Blein y Carbonell explican en sus escritos que esta es la ubicación adecuada para una zona dedicada al servicio público. En origen como ampliación de la Casa consistorial y más adelante como sede de otros estamentos públicos merced a la escasez de espacio para albergarlos en la sede entonces habilitada. Tal y como se presenta la opción reubicaba el corazón de la ciudad, el lugar al que han de acudir los ciudadanos ineludiblemente y que, por ende, estará vivo, en el núcleo de la misma y sin saltar la barrera tipológica que constituiría la vía férrea.

Los detalles de esta casualidad quedan en los escritos que otros autores han desarrollado al efecto y que se citan en la bibliografía de este proyecto. Tras presentar la propuesta de este pfg en base a consideraciones menos profundas y habiendo tenido acceso a posteriori a esa información, detectamos que “la zona” ha sido objeto de estudio en una dirección análoga a la que planteamos aunque con los matices propios de las necesidades inminentes en el momento.
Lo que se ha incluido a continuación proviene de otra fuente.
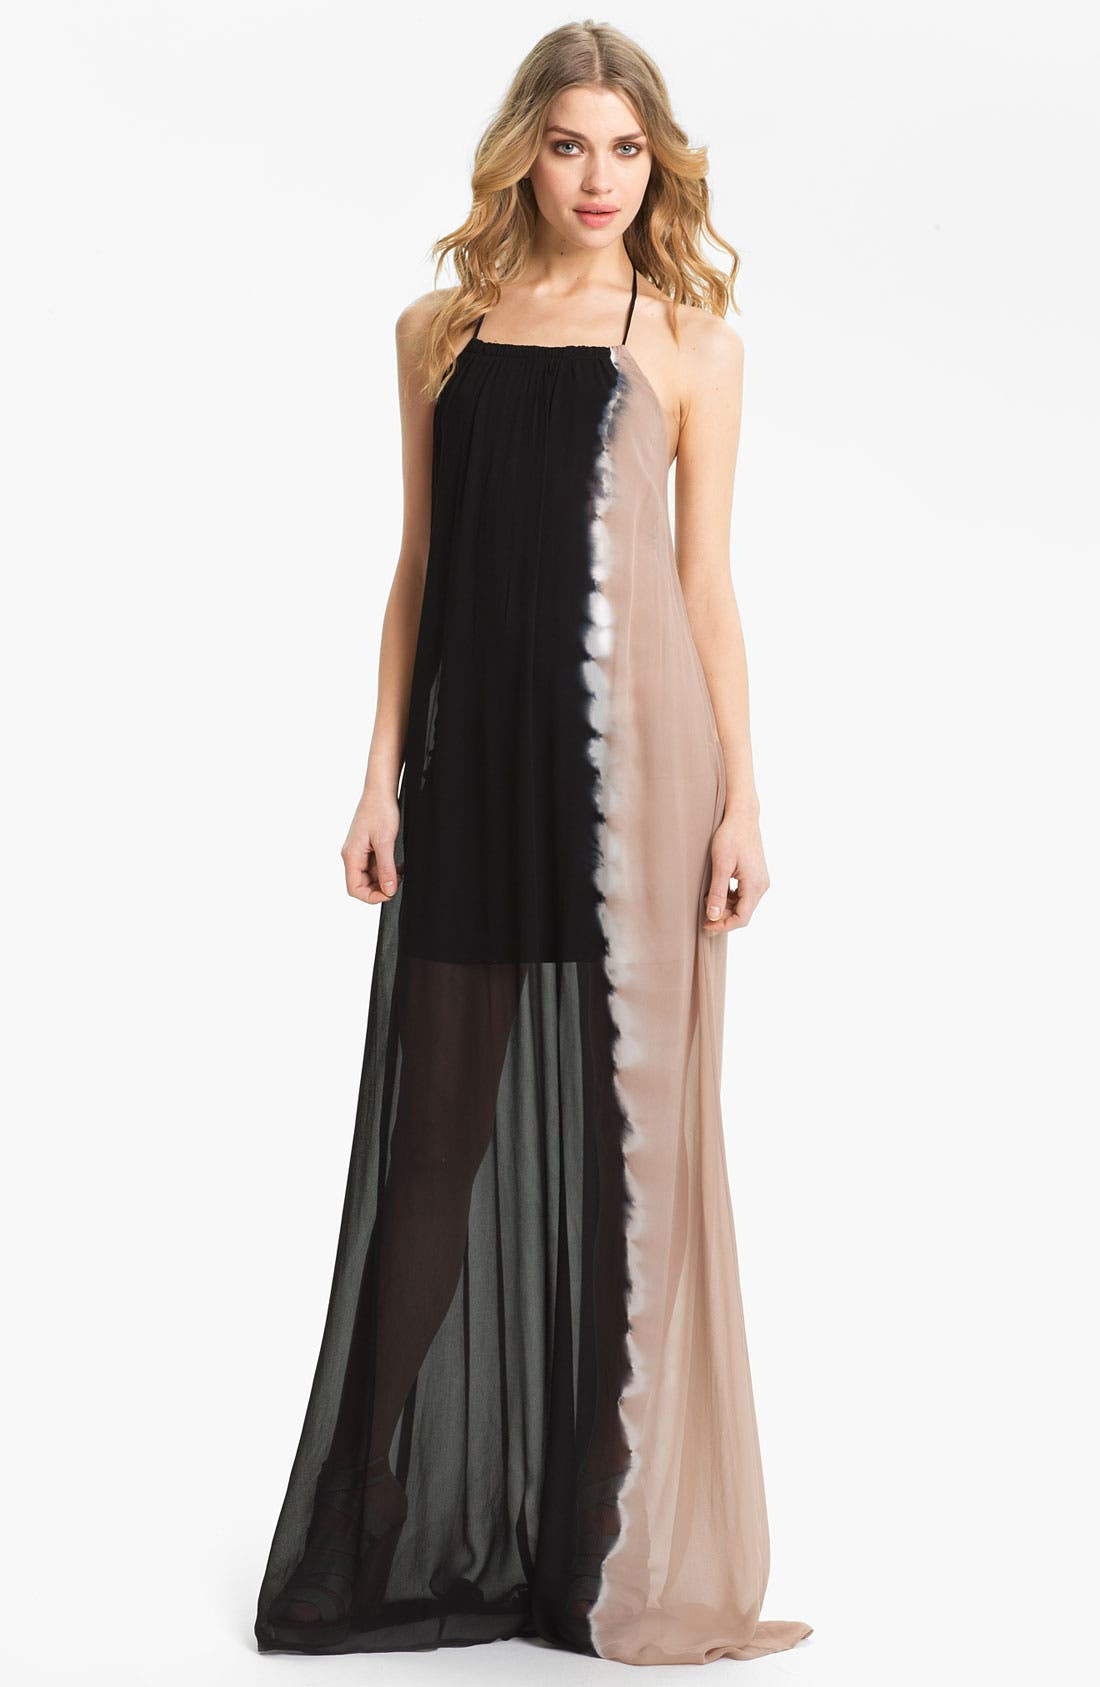 Alternate Image 1 Selected - Young, Fabulous & Broke 'Gila' Chiffon Maxi Dress

La tercera incisión sobre la misma localización, tras la de Blein y Carbonell y la del autor que escribe estas líneas, se da durante el proceso de investigación asociado a este proyecto. A fin de efectuar un diagnóstico del programa de necesidades y del esquema global de funcionamiento de la ciudad en el momento de la propuesta, asisto a unas jornadas sobre el paisaje de Lorca convocadas por Moho arquitectos y Pablo Carbonell. Las sesiones tienen como función fomentar la participación ciudadana en los procesos concernientes al paisaje de la ciudad de Lorca. La metodología es la de separación en grupos, aportación de opiniones, análisis DAFO y debate participativo.
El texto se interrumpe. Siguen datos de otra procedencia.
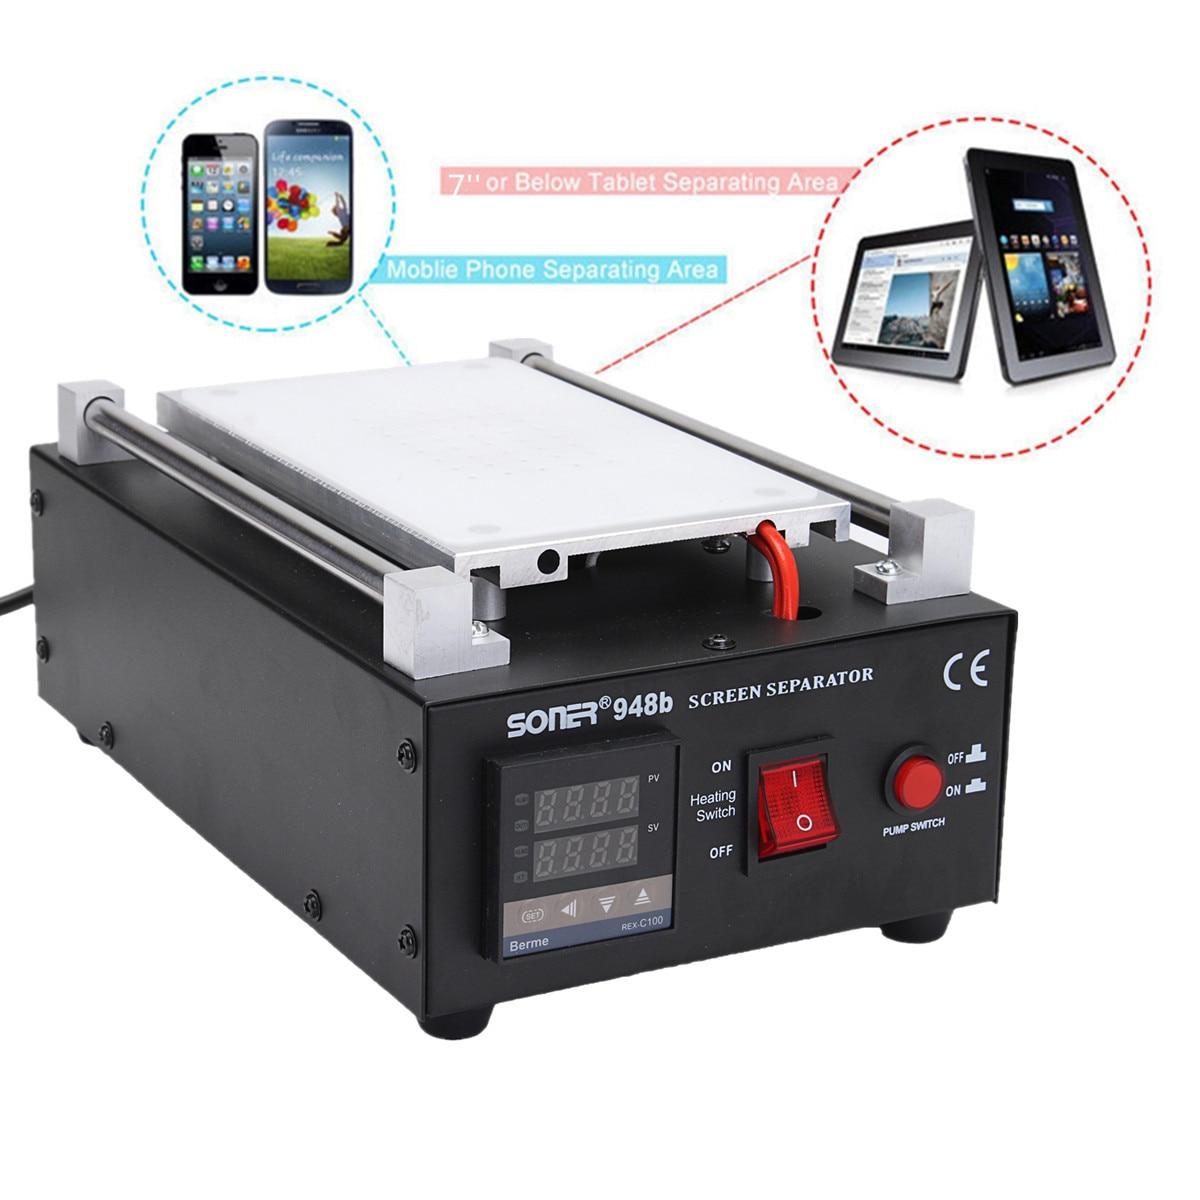 все цены на LCD Glass Screen Separator Repair Machine 7 Built-in Vacuum Pump Mobile Phone Different Cover Plate Auto Heating LED Display онлайн

Las conclusiones son claras: La población detecta falta de actividad lúdica, de conexión entre puntos de la ciudad, de atención a la red de transportes y de manutención de los espacios comunes de la ciudad. Uno de los corolarios más graves emitidos procede en su momento de un grupo de jóvenes no mayores de 12 años de entre los cuales ninguno se ve viviendo en Lorca el día de mañana. Al expresarse recuerdan a la forma en que nos referimos a pueblos y aldeas sin más futuro que la cosecha. Sirvan estos datos como refuerzo a la tesis que aquí se defiende en relación con la creación y gestión del espacio público y, como apunte anecdótico, el fotomontaje que difundieron como test entre los ciudadanos para saber qué ciudad preferirían en el futuro, cuya imagen muestra, a vista de pájaro, la ciudad con varios núcleos de denso bosque donde hoy hay bloques de edificios. Entre ellos, por supuesto, “La Zona”, que aparece convertida en un pulmón en el centro de la ciudad.

Puede tratarse de casualidad, de composición gráfica, de coherencia urbana o de instinto. No obstante queda claro que este lugar parece atestiguar, cada vez que se hace una aproximación en este sentido, una necesidad de apertura latente y un potencial aun inexplorado. La naturaleza se abre camino…o lo intenta.

La arquitectura enzimática que se propone recoge todas las premisas planteadas en estos escritos y adopta un modelo tomado de la biología como estrategia de implantación: El modelo de encaje inducido (Daniel Koshland – 1958). Este modelo, que sustituyó al modelo rígido de llave-cerradura planteado por Emil Fisher en 1894, establece que el sitio activo que interactúa con la enzima es capaz de adaptarse a la misma para propiciar la catálisis. Por extraña que sea la geometría del catalizador la ciudad se adapta, reacciona y evoluciona. La repetición de modelos anteriores llevará a los errores ya cometidos.